I dati in materia sono molto riservati ma la corsa dei prezzi al Ttf di Amsterdam, nota il Corriere, ha reso mese dopo mese più relativamente conveniente per Berlino acquistare il gas di Mosca: "Nel gennaio 2021 il costo unitario di Gazprom per la Germania era più vantaggioso rispetto alla media europea di un po' più del 10%, per esempio; ma all'inizio di quest' estate era già la metà o anche meno rispetto a quello praticato da Gazprom all'Ungheria o alla Lettonia (meno di 40 euro a megawattora contro oltre 80 euro, secondo la Commissione Ue)". E, per confrontare Berlino all'altro Paese più dipendente dal gas di Mosca, "la Germania compra da Gazprom volumi più che doppi rispetto all'Italia, eppure l'Italia paga in totale quasi un quinto in più (758 contro 647 milioni)".

Cosa influisce in questi trend? In primo luogo, sicuramente, la maggiore vicinanza geografica e le connessioni infrastrutturali russo-tedesche lasciano pensare che le economie di scala, anche in un contesto di guerra energetica tra Russia e Ue, continuino a essere profittevoli. In secondo luogo, si nota tutta la differenza tra il peso degli accordi-quadro sul gas firmati tra i governi e che anche nell'ora più buia della fine della "GeRussia" continuano a produrre dividendi. Terzo punto è il sostanziale disaccoppiamento tra il mercato russo e i prezzi del Ttf, che complici i minori costi di gestione interni e la convenienza di estrazione del gas russo a parità di potere d'acquisto consente a Mosca di vendere sottocosto nei mercati più strategici.
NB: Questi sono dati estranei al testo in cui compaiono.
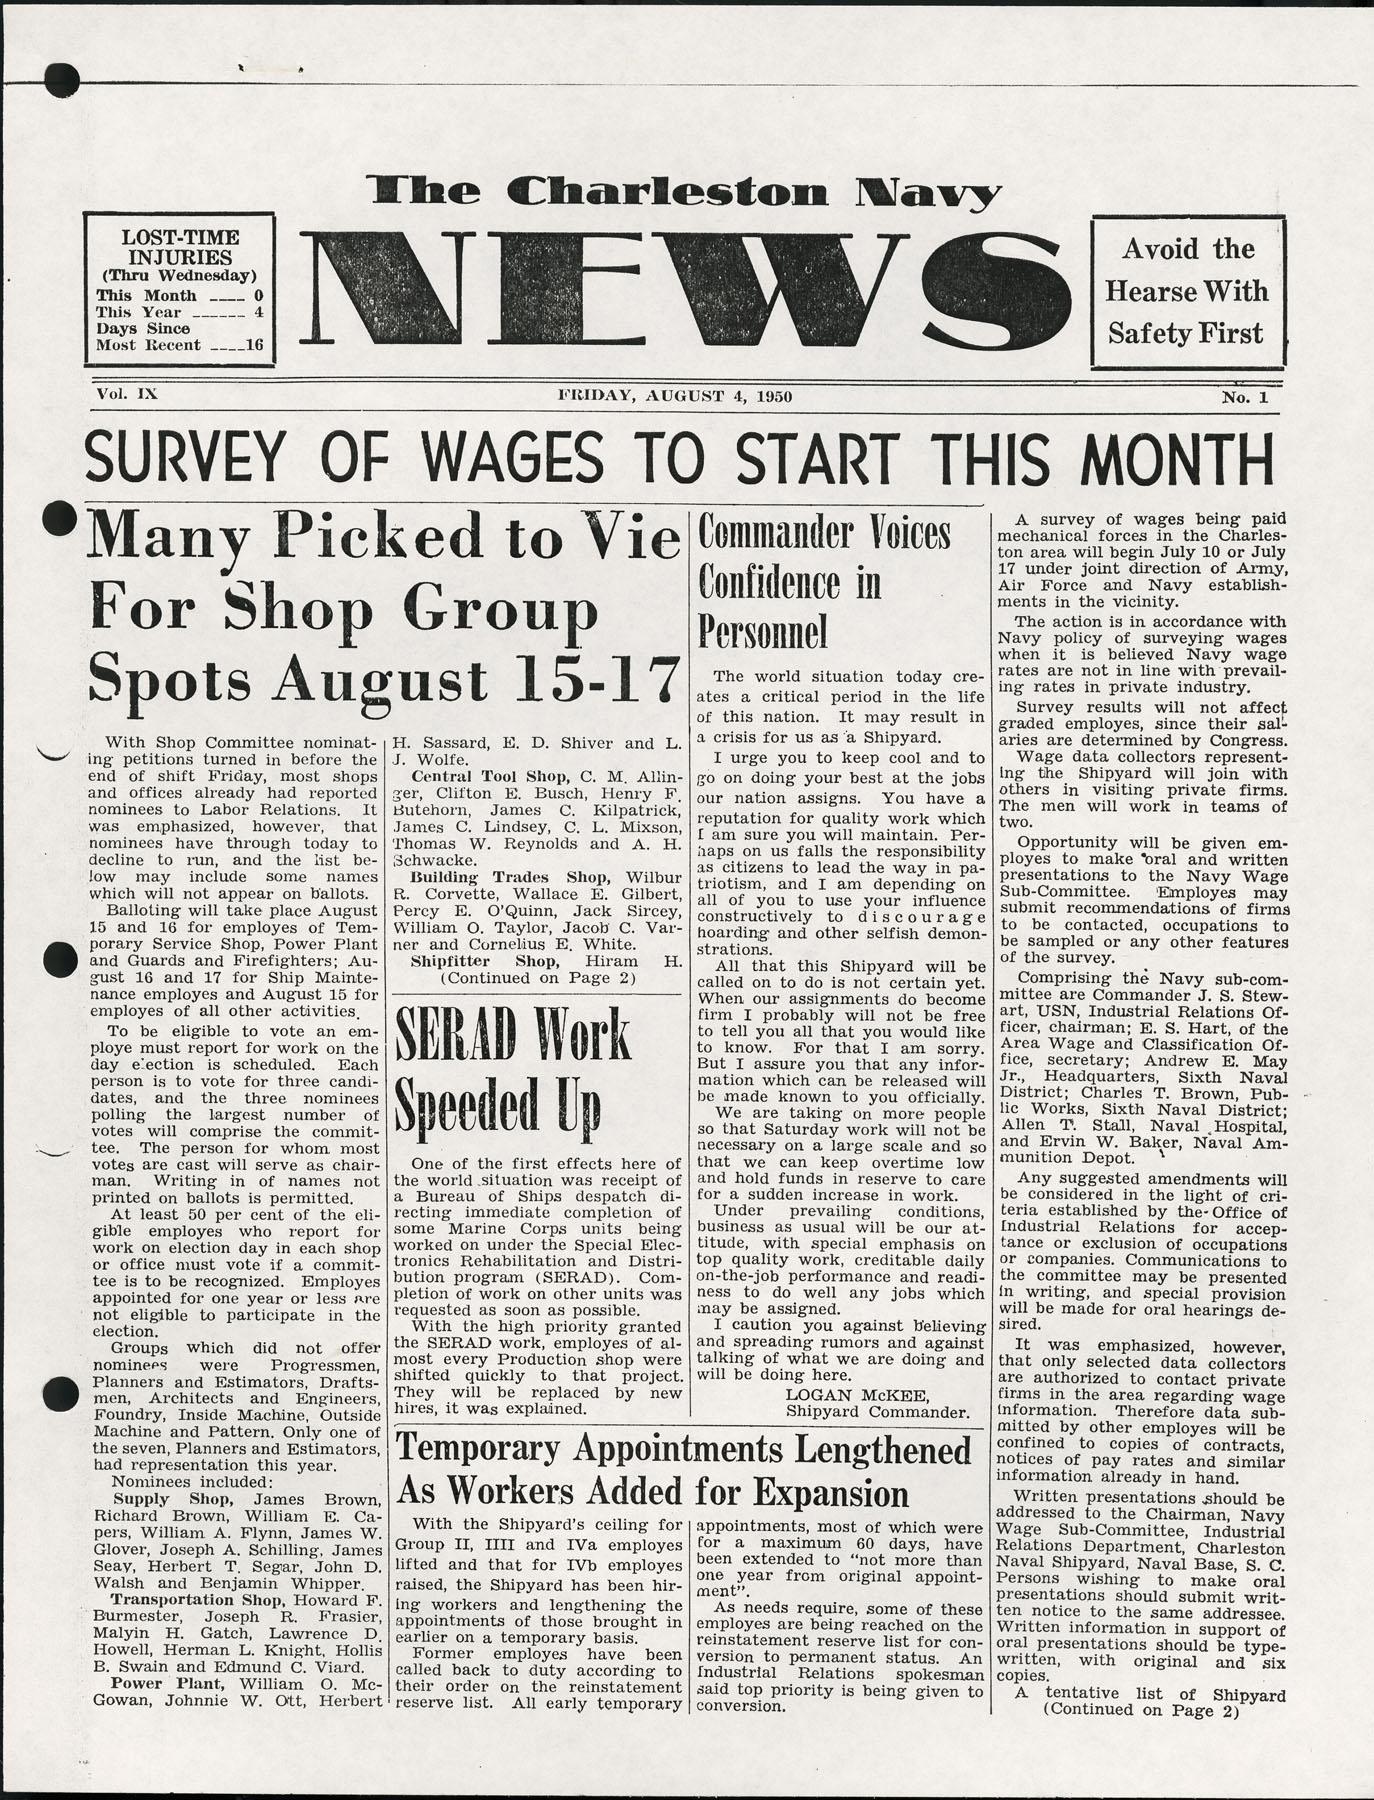 The Charleston Navy News, Volume 9, Edition 1, page i

C'è poi un effetto geopolitico e, al contempo, psicologico: la Russia non ha convenienza a vendere a prezzi maggiorati a Berlino, perchhé proprio il mantenimento di questa quota residua di dipendenza può essere, in inverno, la più grande delle armi di ricatto verso la Germania.

Tutto questo deve far pensare inoltre alla necessità di pensare il tetto al gas come strutturale e fondato su una seria diversificazione delle fonti rispetto alla Russia, perché altrimenti la minaccia per l'Europa è ridurre il costo del gas interno a livelli tali da rendere, paradossalmente, sostenibili solo le acquisizioni energetiche dalla Russia.

Berlino "bara" a livello europeo ma in quest'ottica la sua opposizione al tetto al gas, dovuta alla convenienza personale e al rifiuto di spendere denaro per garantire prezzi più bassi al resto d'Europa capaci di rendere più concorrenziali le altre economie rispetto alla sua, deve essere la giusta premessa per pensare a un'agenda più ambiziosa che unisca economia e geopolitica. Capace di guardare oltre ogni possibile ricatto energetico russo e, anzi, di anestetizzarne gli effetti.